* [About this task]:
All of the data below should be printed again exactly, pictures excluded.

* [Dataset extract]:
-*-*-

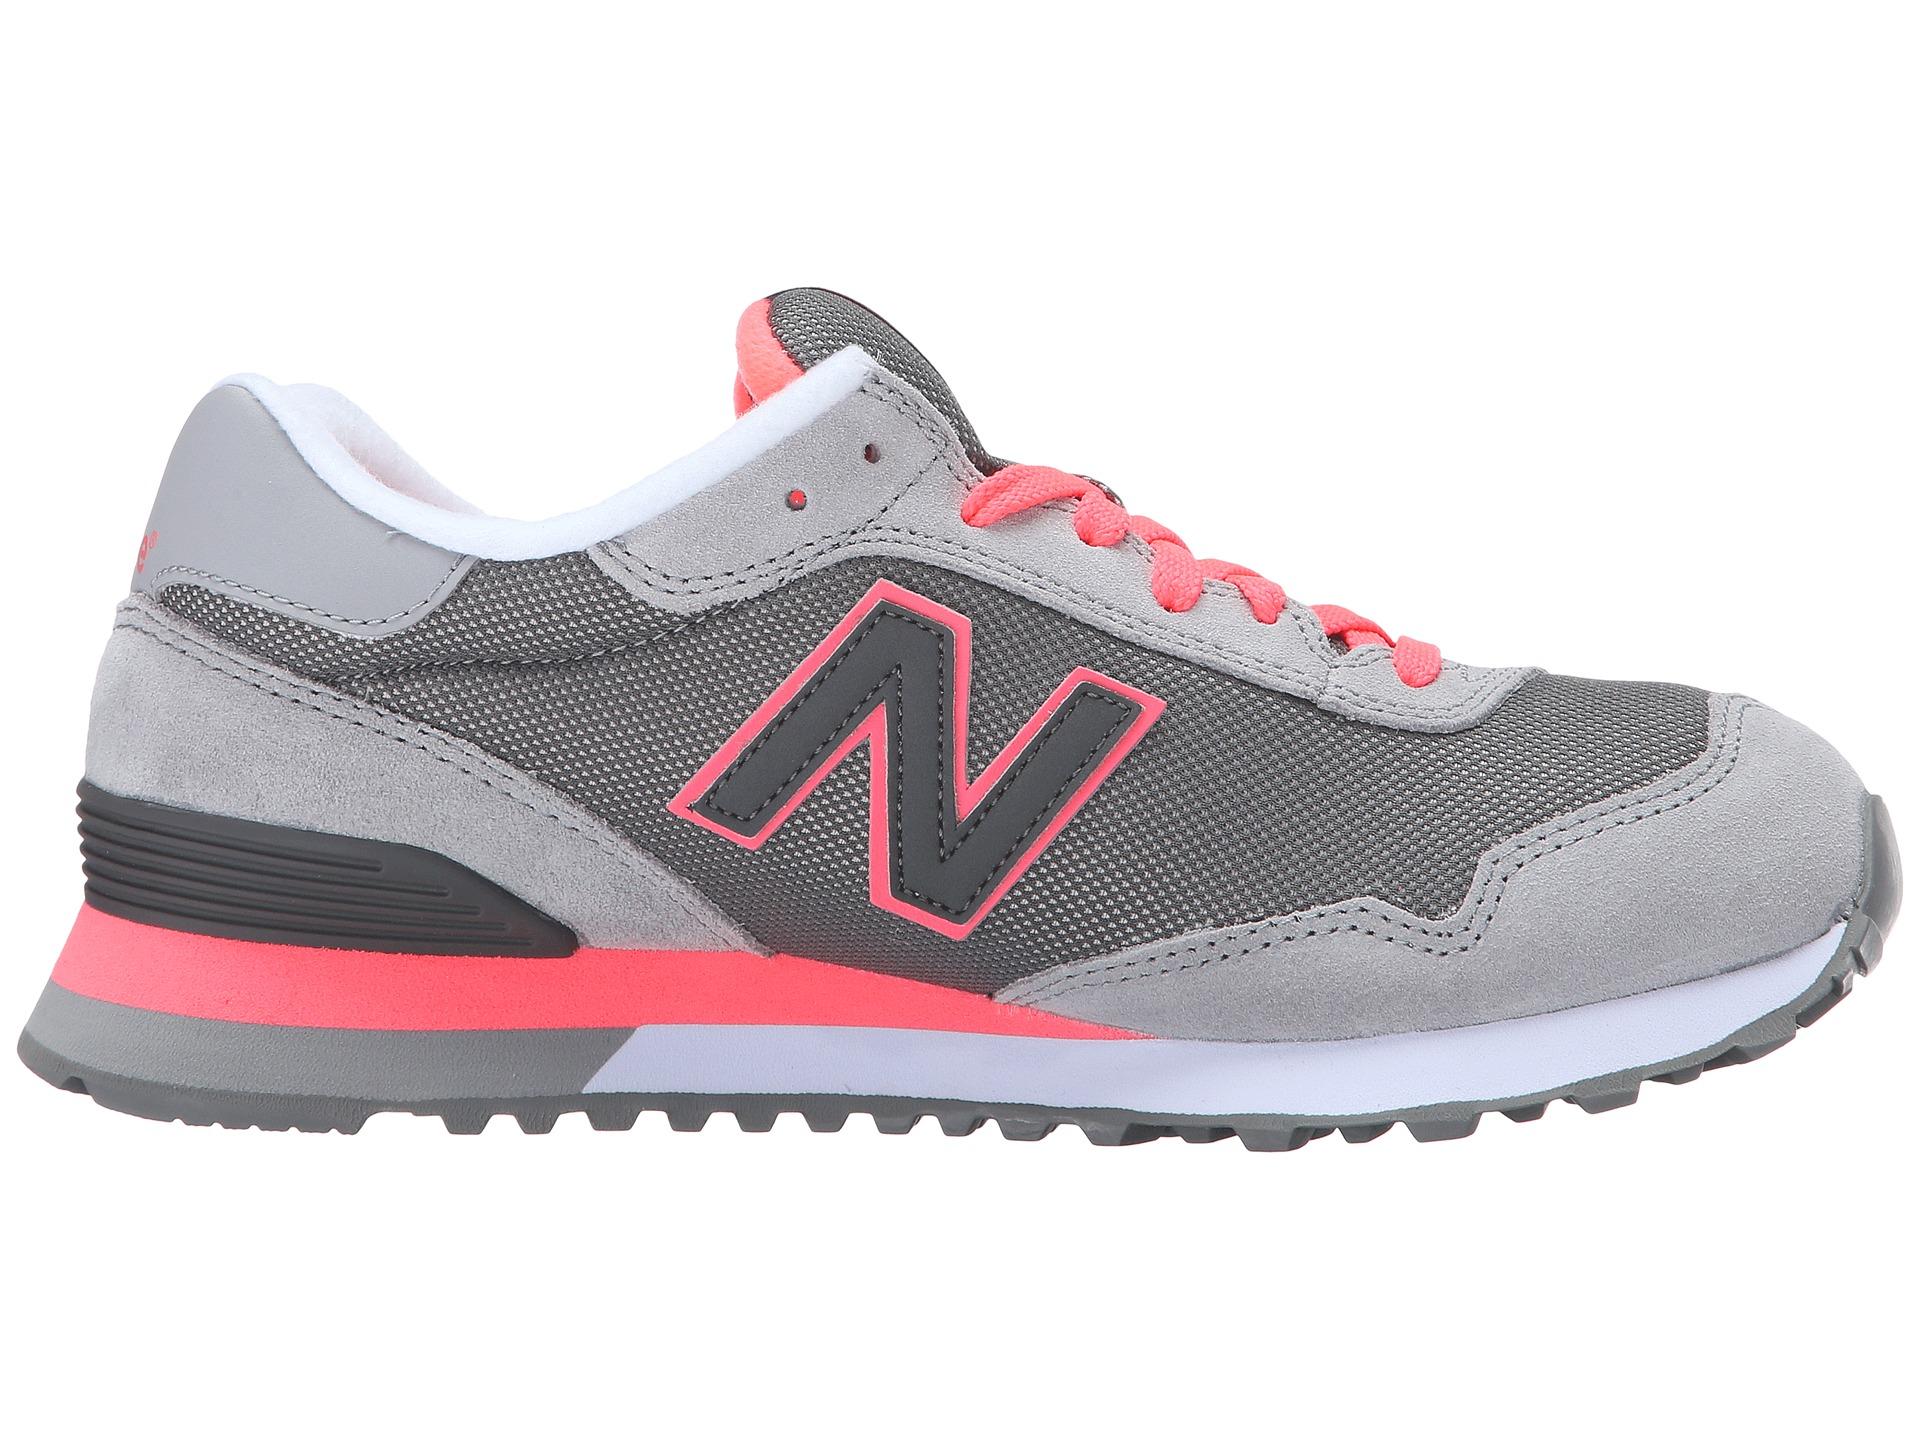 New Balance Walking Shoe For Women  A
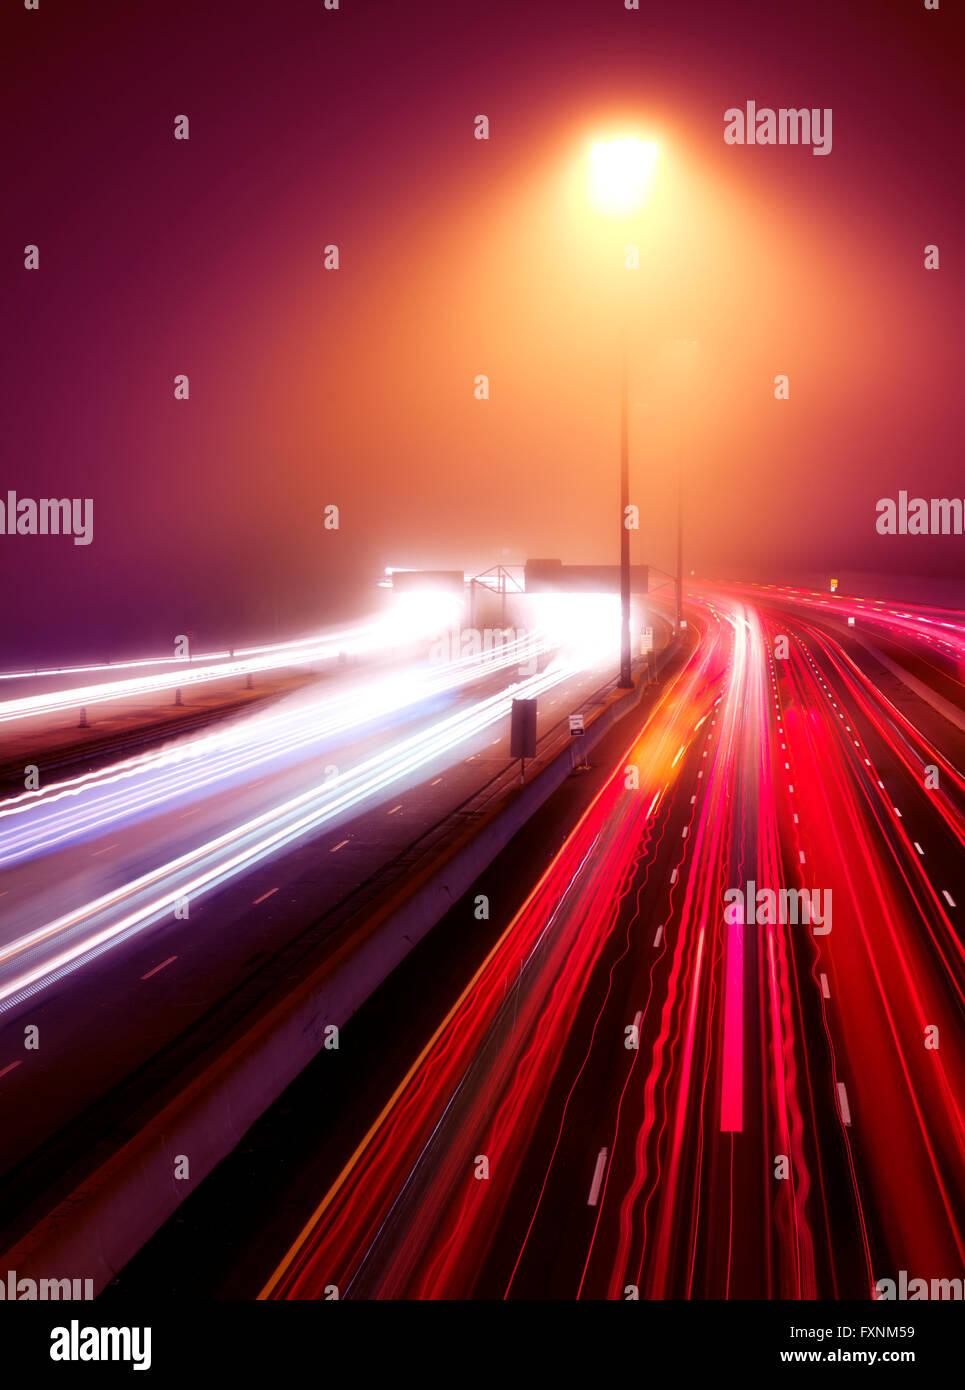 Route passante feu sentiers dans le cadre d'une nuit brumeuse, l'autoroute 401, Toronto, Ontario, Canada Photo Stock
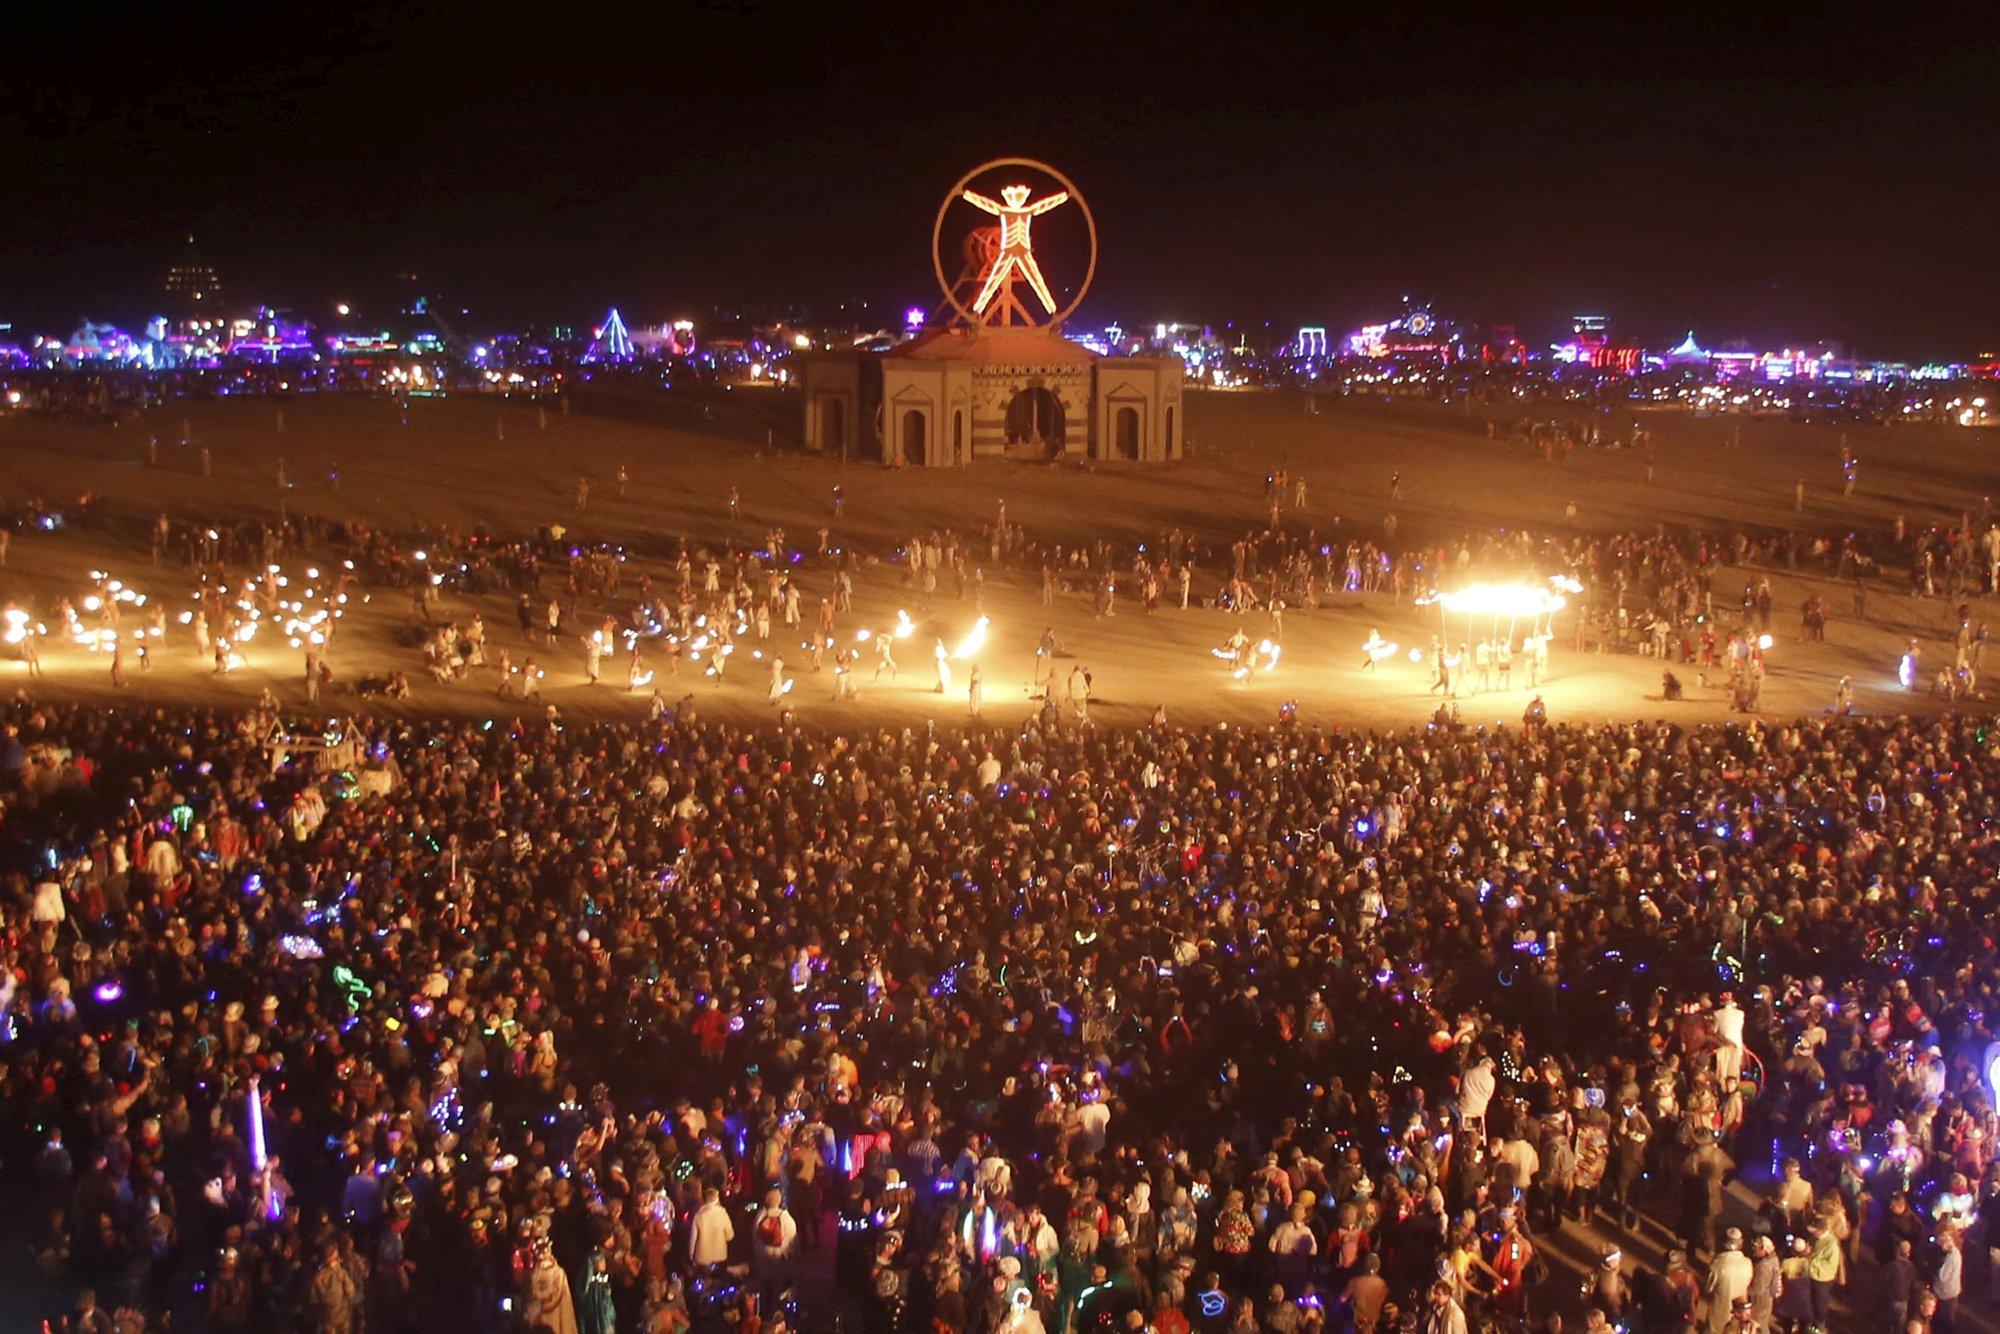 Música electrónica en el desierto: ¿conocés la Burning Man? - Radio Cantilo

-*-*-

* [Response area]:
 New Balance Walking Shoe For Women  A
 Route passante feu sentiers dans le cadre d'une nuit brumeuse, l'autoroute 401, Toronto, Ontario, Canada Photo Stock
 Música electrónica en el desierto: ¿conocés la Burning Man? - Radio Cantilo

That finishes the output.